President Trump’s halt to visits to the United States by people from six majority-Muslim countries excludes people from the United States based on their religious beliefs in violation of the First Amendment, the Fourth Circuit ruled  on Thursday in yet another rebuke to the White House over the constitutionality of its travel ban.

The executive order that enshrines the ban “speaks with vague words of national security, but in context drips with religious intolerance, animus, and discrimination,” Chief Judge Roger Gregory wrote on behalf of 10 of his colleagues at the outset of a 67-page opinion published Thursday by the court’s majority.

The ruling means that an order by a district judge in Maryland that blocks implementation of the ban nationwide will remain in effect pending a determination by the Supreme Court, to which the administration said it would appeal. A ruling by the Ninth Circuit, which also is weighing the travel ban’s constitutionality, is expected shortly.

Words matter

In support of its conclusion that the travel ban disfavors Islam, the court relied on a series of statements that the president and his surrogates uttered before and after the election.

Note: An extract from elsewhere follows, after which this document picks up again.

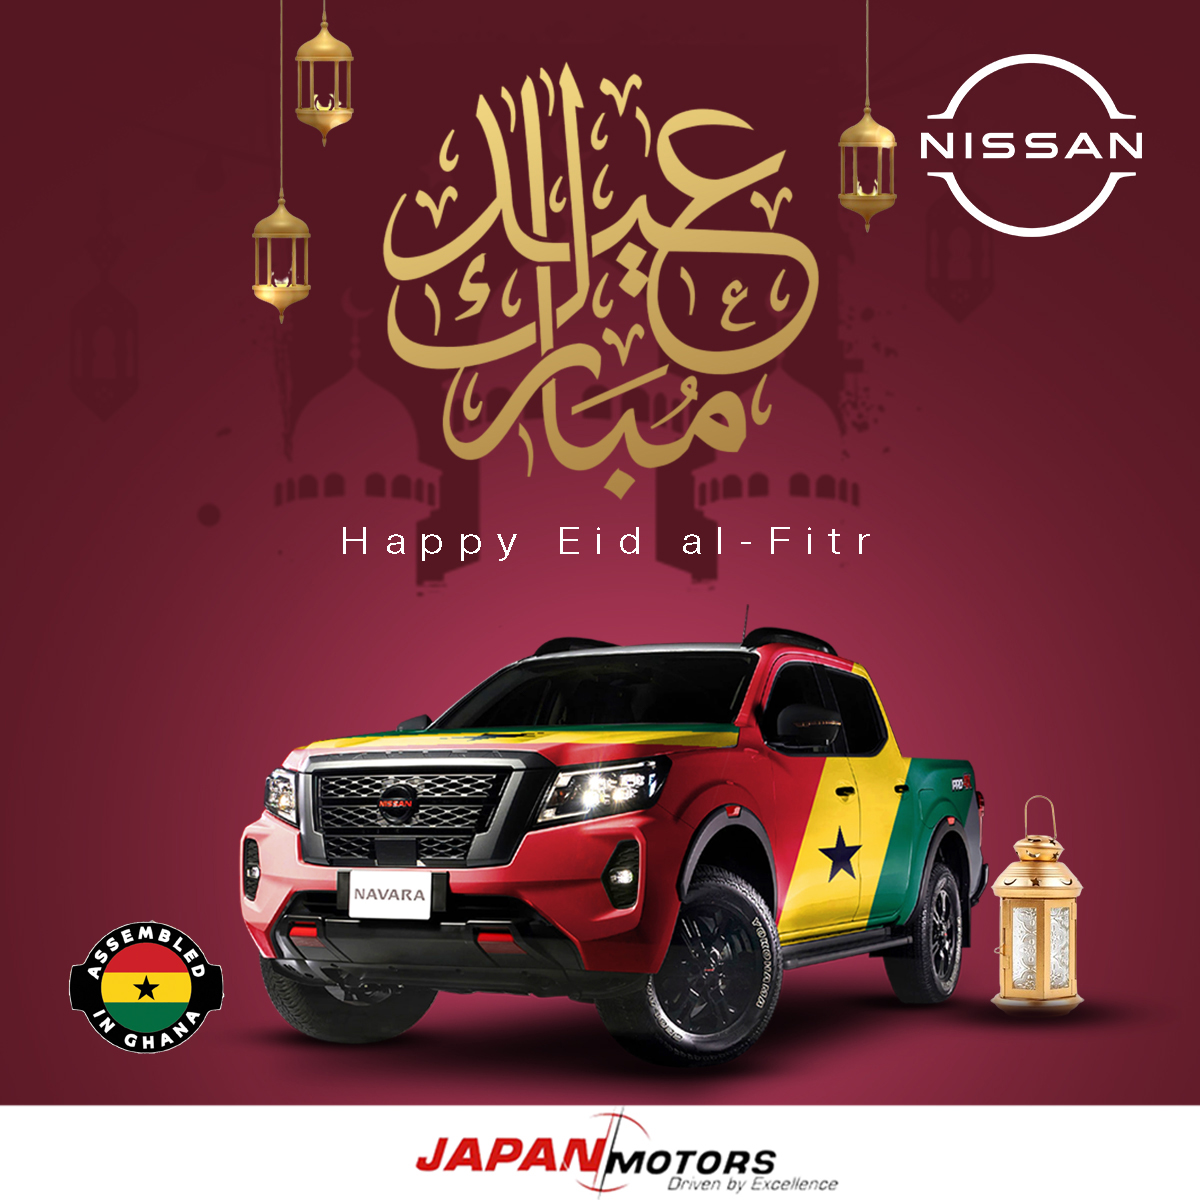 May your homes be filled with laughter, delicious food, and cherished moments with loved ones. Sending warm wishes for a beautiful Eid celebration! 🌙🎊 #JapanMotors #NissanGhana #EidUlFitr #FamilyTime #EidMubarak #Nissan

They range from a statement in December 2015 by Trump that called for “a total and complete shutdown of Muslims entering the United States,” to statements by the president in January that his order aimed to promote Christianity, to comments in February by White House adviser Stephen Miller that the revised order reflects “the same basic policy outcome for the country” as the order it replaced.

Those statements, together with “the post hoc nature of the national security rationale” and evidence from national security agencies that a revised version of the travel ban signed in March by Trump would have no effect on national security persuaded the court that the administration’s leaning on national security “was provided in bad faith, as a pretext for [the order’s] religious purpose,” Gregory wrote.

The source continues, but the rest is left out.